Stem & Eye Cuttings (Moderate) - This method of propagation is troublesome without the aid of bottom-heat and a controlled environment. Choose the healthiest, most established stems that are wooded, yet still juvenile enough to bend slightly, being just thicker than a pencil. Each cutting should only have ONE leaf, and a small portion of the stem to either side of the node. Cut directly below a node using a clean knife to reduce bacteria count. Situate the cutting into moist houseplant compost, with the only the leaf sticking out of the soil. Blackleg can occur when the bottom wound becomes infected, resulting in propagation failure - typically caused by water-logging or a too-damaged wound.

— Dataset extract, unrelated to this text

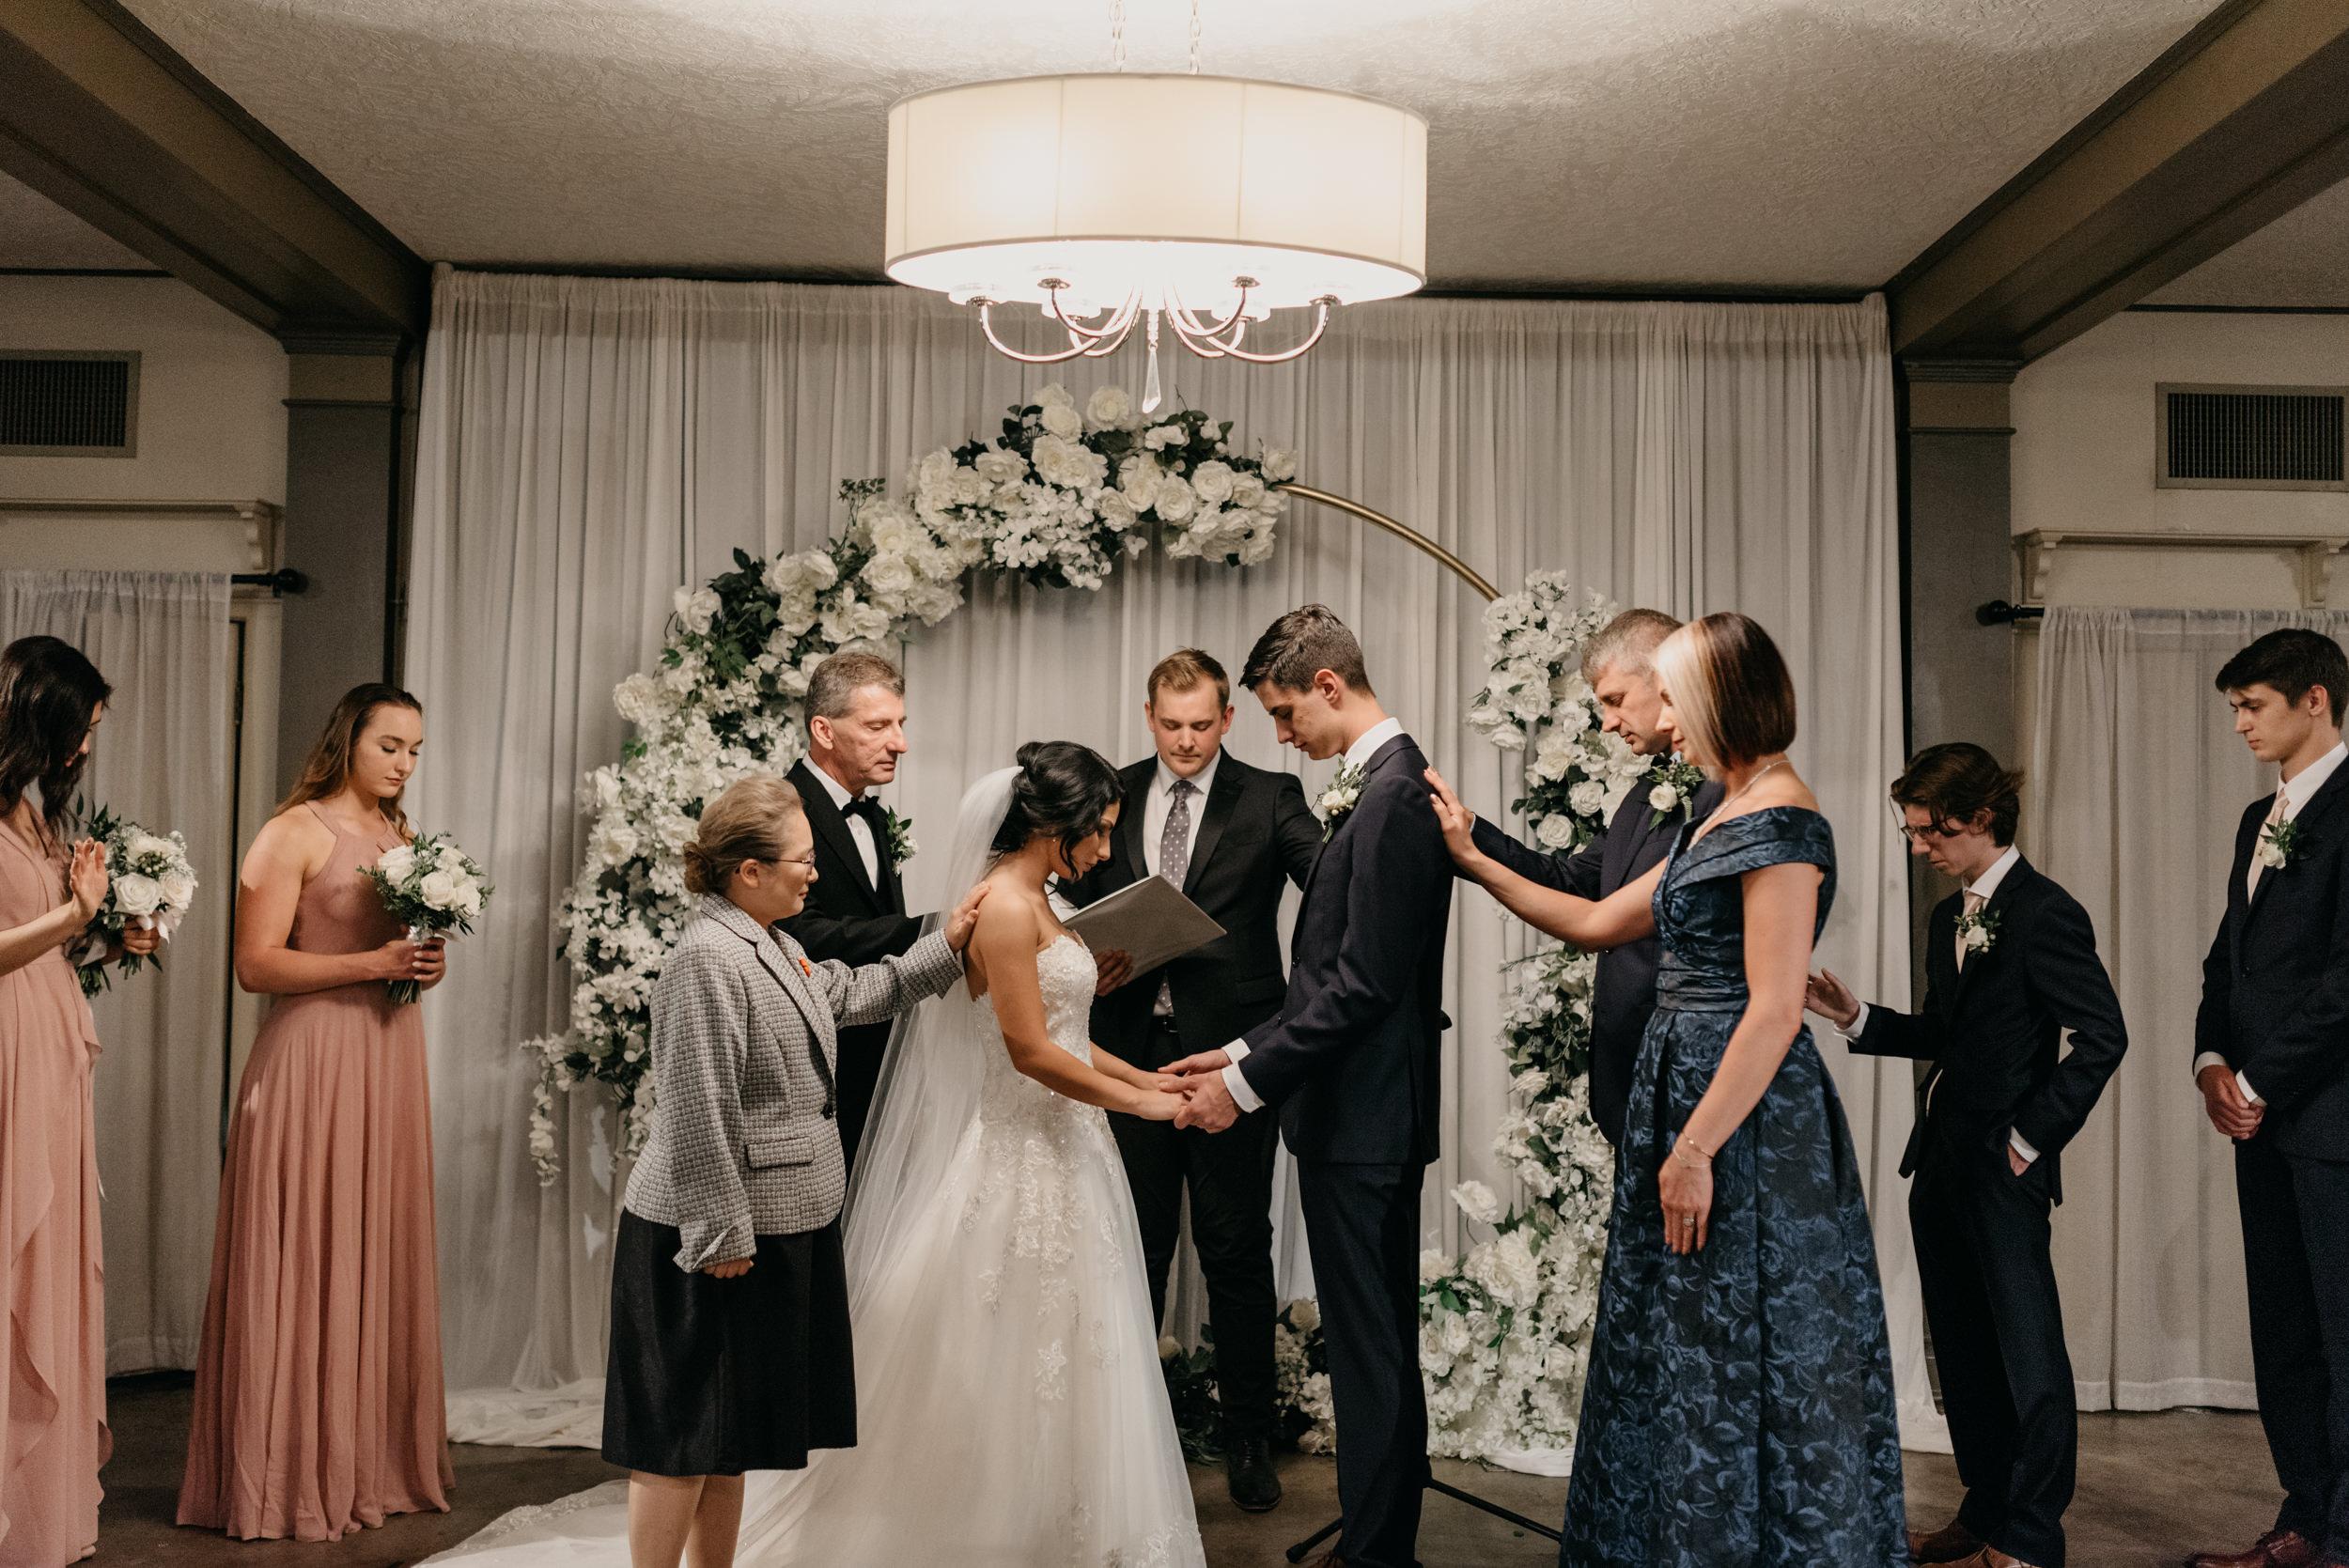 85-ceremony-west-end-ballroom-portland-wedding-venue-7974.jpg

Maintain bright light and evenly moist soil with the avoidance of direct sunlight or cold draughts. Wrap the pot (& foliage) in a transparent bag or within a miniature greenhouse, and provide bottom heat of temperatures above 18°C (54°F). Remove the bag and place into individual 7cm pots once the second new leaf emerges. Follow the same care routines, as mentioned in the article's top half. This method will take up to five months, so patience and the correct environment are paramount for success!
Although Polyscias will produce small clusters of white flowers during spring or summer, it's highly unusual for them to bloom in a domestic environment.
Repot every three years in the spring using a houseplant-labelled compost and the next sized pot with adequate drainage. Hydrate the plant 24hrs before the tinkering with the roots to prevent the risk of transplant shock. For those that are situated in a darker location, add a thin layer of small grit in the pot's base to improve drainage and downplay over-watering. Click here for a detailed step-by-step guide on transplantation, or via this link to learn about repotting with root rot.
Keep an eye out for mealybugs, spider mite, scale, thrips & whitefly that'll locate themselves in the cubbyholes and undersides of the leaves. Common diseases are root rot, leaf-spot disease, botrytis, powdery mildew & southern blight - click here to learn more about these issues.
This plant is classified as poisonous. If parts of the plants are eaten, vomiting, nausea and a loss of appetite could occur. Consumption of large quantities must be dealt with quickly - acquire medical assistance for further information.